Na terça-feira tem início a reunião de política monetária do FED. Os investidores esperam que o banco central dos EUA anuncie mais uma redução de US$ 10 bilhões no programa de recompra de ativos.

Não há um prognóstico firme para a semana que se inicia, Para os próximos dias estão previstos balanços importantes, como o do Itaú e o do Santander, e os da BRF e Pão de Açúcar, todos na terça-feira. Desses números e das notícias na frente russa – vai depender o humor do mercado.

Por enquanto a recomendação é pela manutenção da estratégia de proteção da carteira frente à volatilidade.

Câmbio

Os analistas das instituições financeiras mantiveram a sua estimativa para a taxa de câmbio no fim do período de 2014 em R$2,45 por unidade da moeda norte-americana.
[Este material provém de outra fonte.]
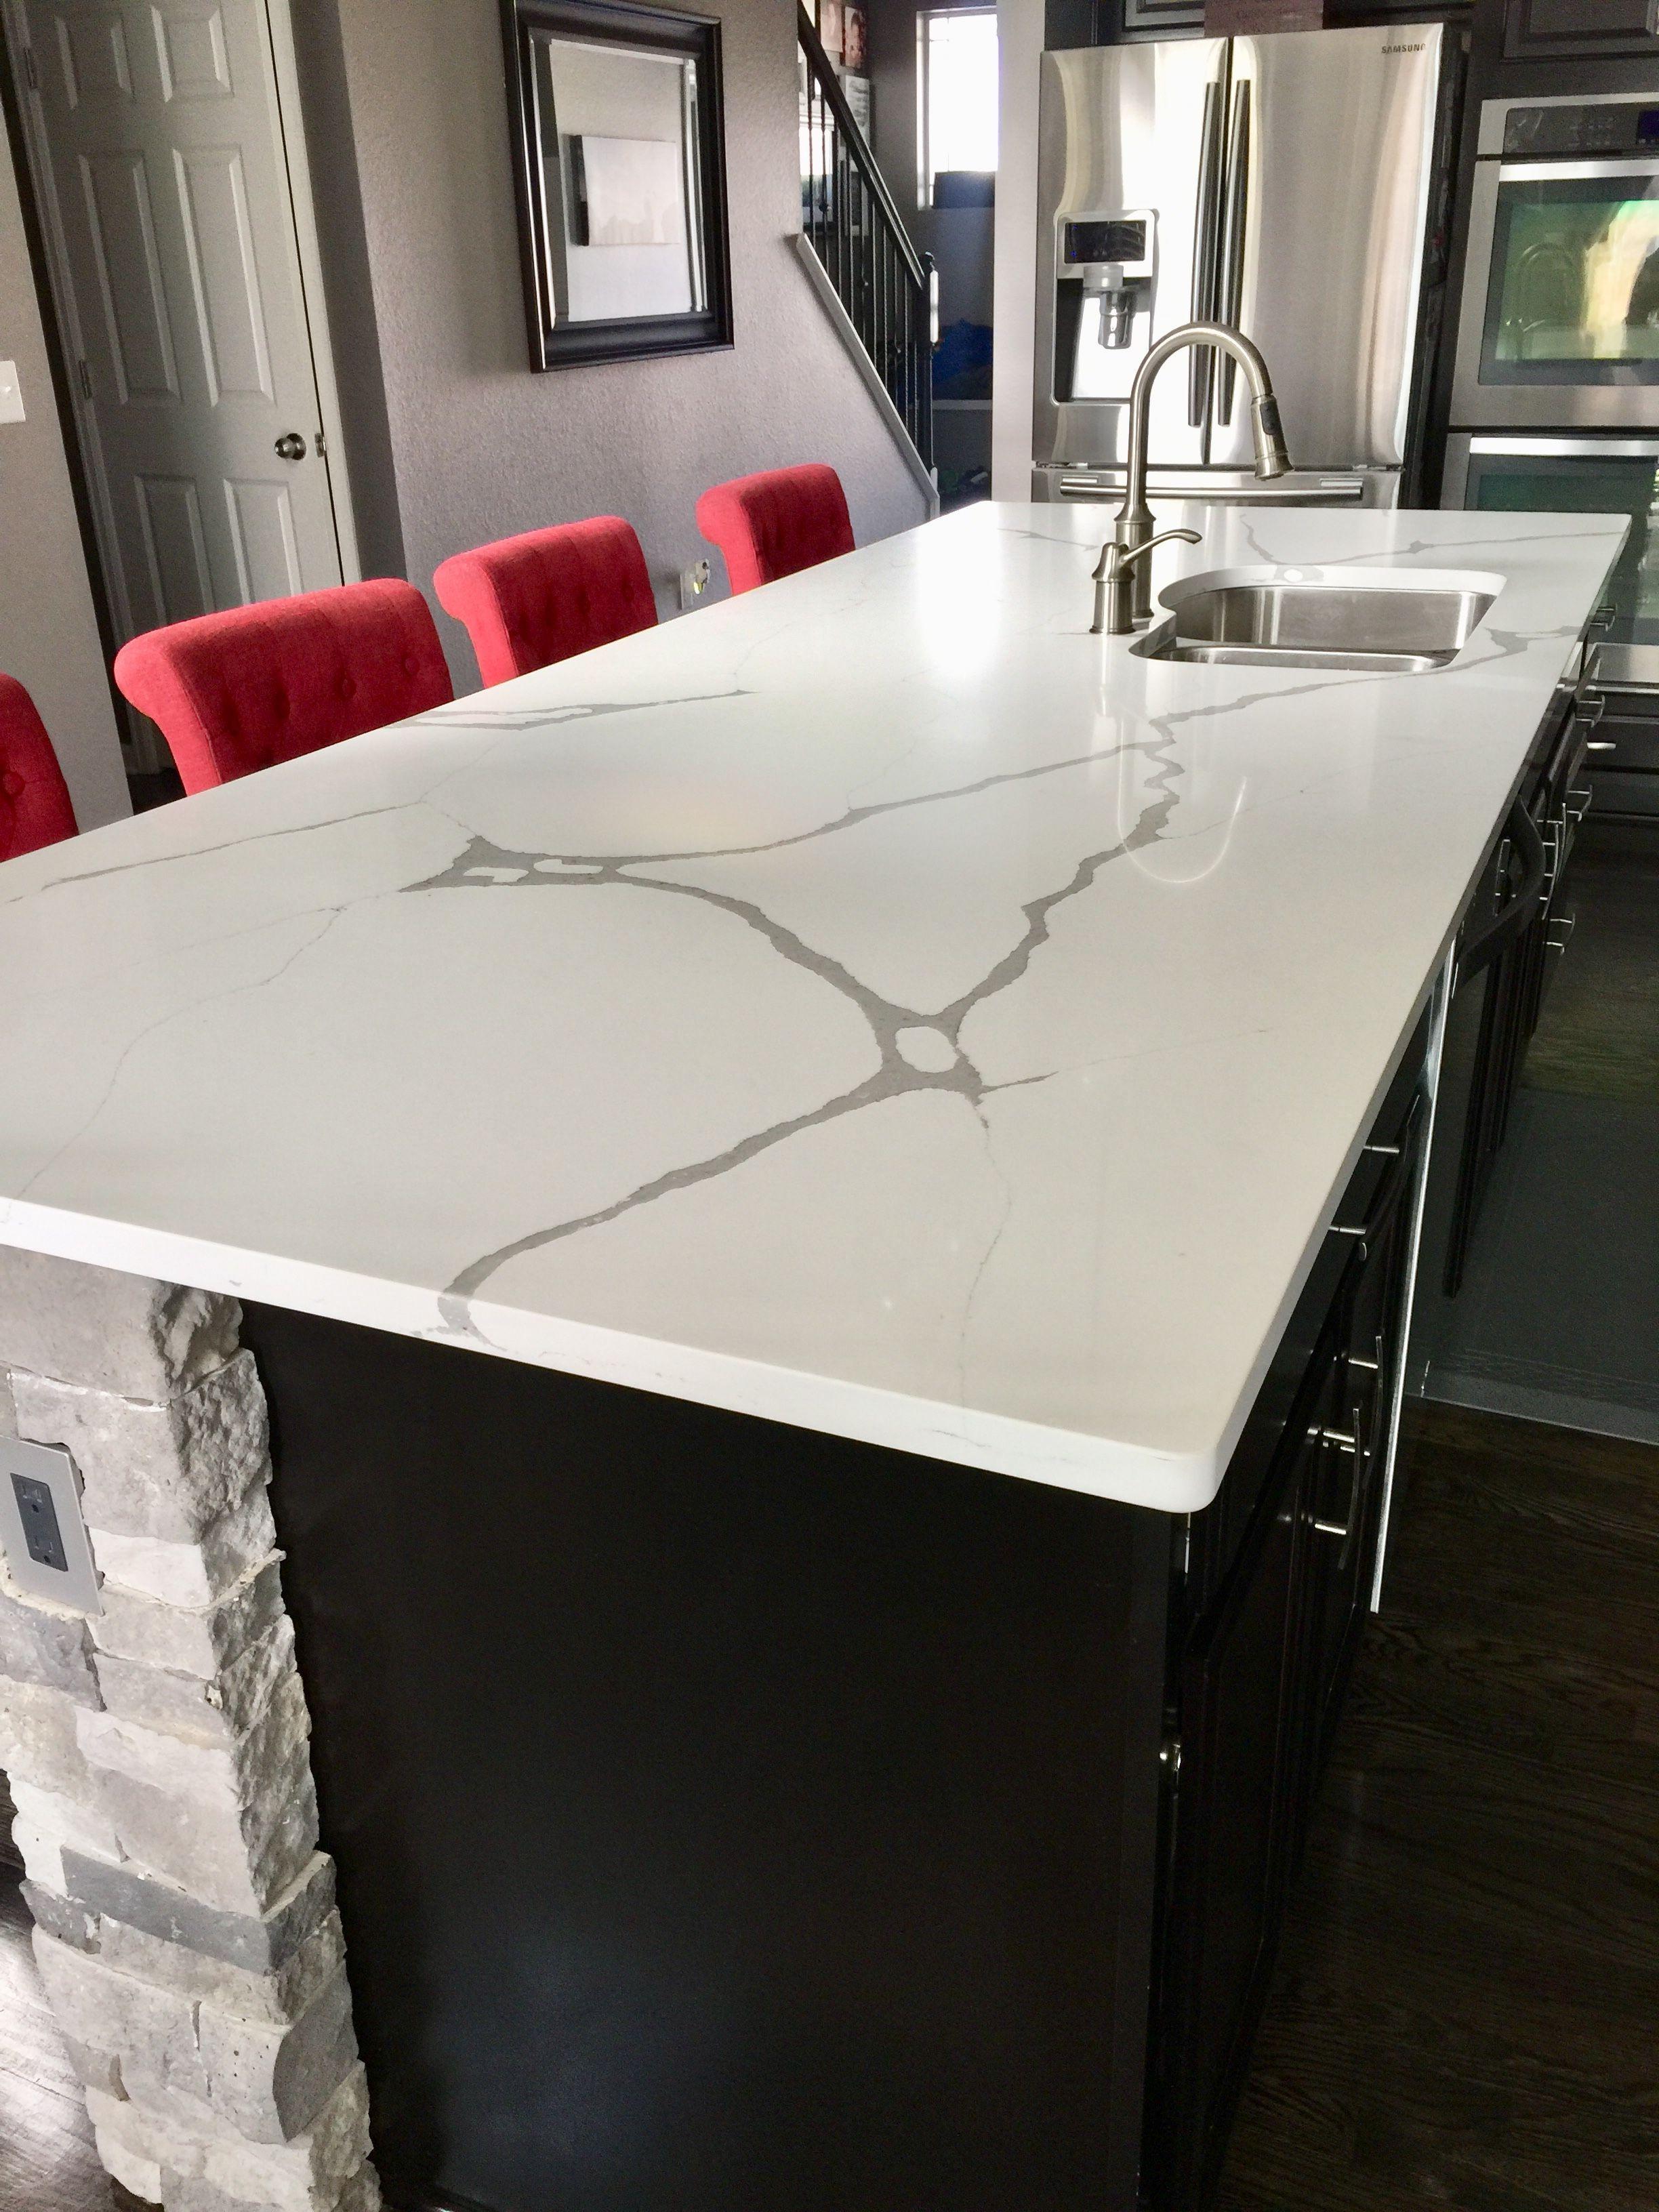 Arizona Tile Calacatta Quartz Counter Remodel In Love With This White Quartz With Gray Veins Wine Decor Kitchen Kitchen Design Decor Interior Design Kitchen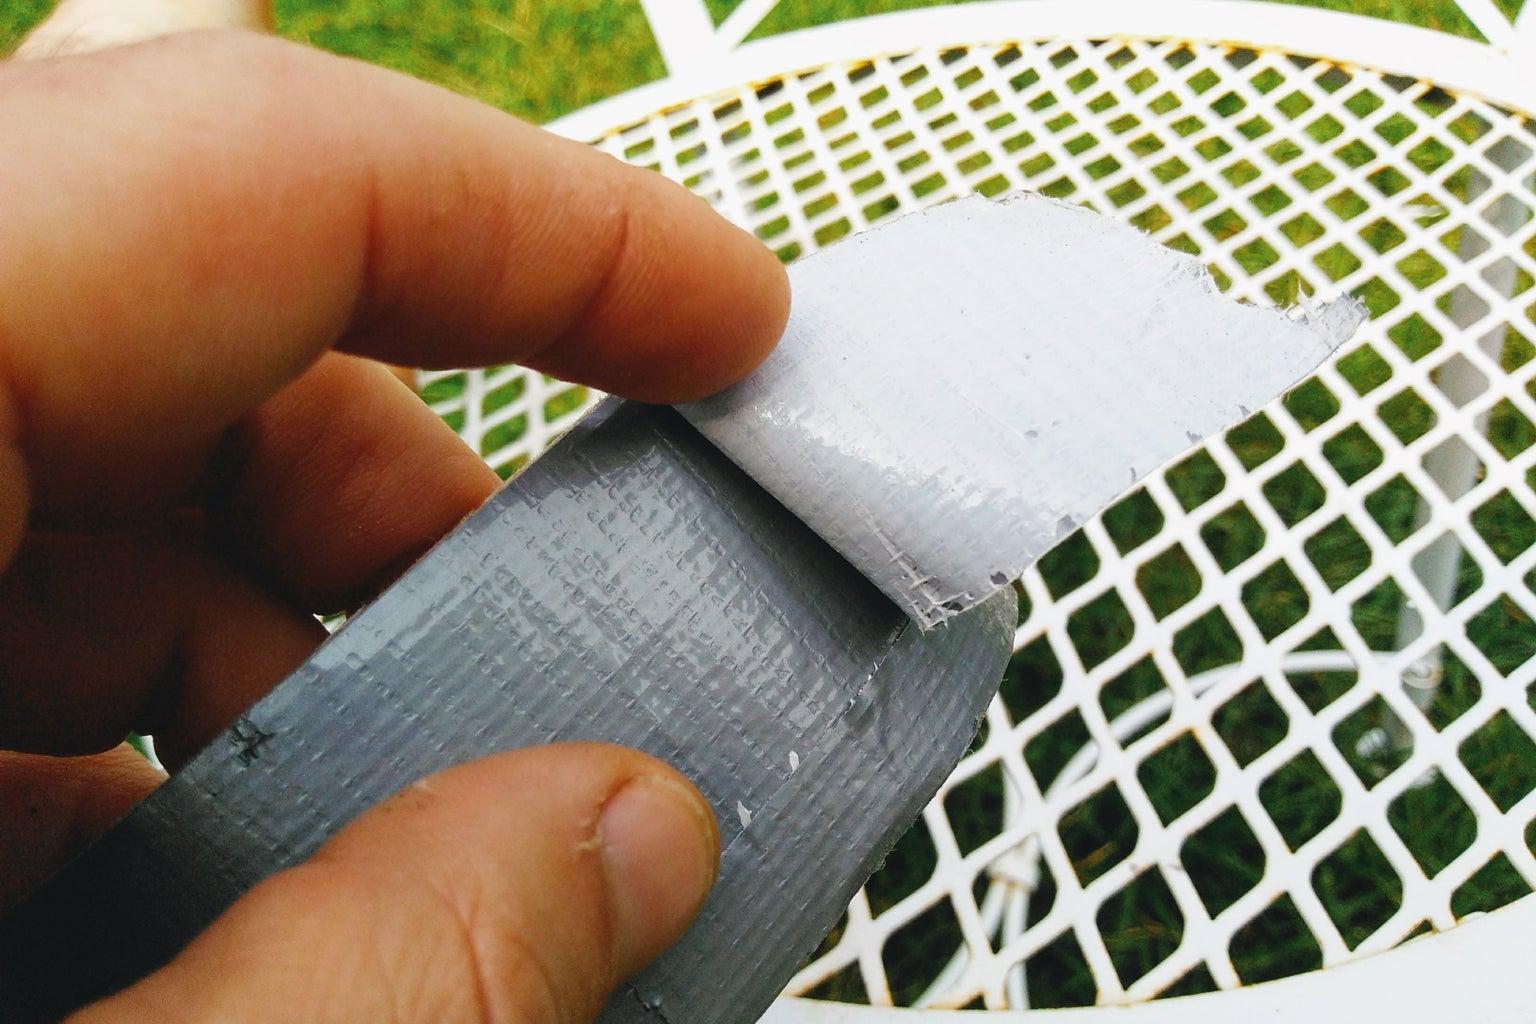 Bandage Preparation - Cutting Tape

Para 2015, a projeção para a taxa de cambio foi reduzida de R$2,51 para R$2,50 por dólar.

Balanço de pagamentos e IED

Os economistas dos bancos mantiveram a sua estimativa para o superávit da balança comercial brasileira (exportações menos importações) em 2014 em US$ 3,02 bilhões. Para 2015 a projeção foi mantida em US$ 10,0 bilhões.

A expectativa dos agentes do mercado financeiro para a entrada de IED – Investimentos Estrangeiros Diretos foi mantida em US$ 60,0 bilhões. Para 2015, a estimativa dos analistas dos bancos foi mantida em US$ 55,0 bilhões.

Preços administrados

No Brasil, o termo “preços administrados por contrato ou administrados”, refere-se aos preços que são insensíveis às condições de oferta e de demanda porque são estabelecidos por contrato ou por órgão público.

Os preços administrados estão divididos nos seguintes grupos: os que são regulados em nível federal – pelo próprio governo federal ou por agências reguladoras federais – e os que são determinados por governos estaduais ou municipais. Nos primeiro grupo, estão incluídos os preços de serviços telefônicos, derivados de petróleo (gasolina, gás de cozinha, óleo para motores), eletricidade e planos de saúde. Os preços controlados por governos subnacionais incluem a taxa de água e esgoto, o IPVA, o IPTU e a maioria das tarifas de transporte público, como ônibus municipais e serviços ferroviários.

Para 2014, a estimativa dos analistas dos bancos para os preços administrados foram elevadas de 4,70% para 4,75%. Para 2015 a projeção também foi elevada, só que de 6,00% para 6,03%.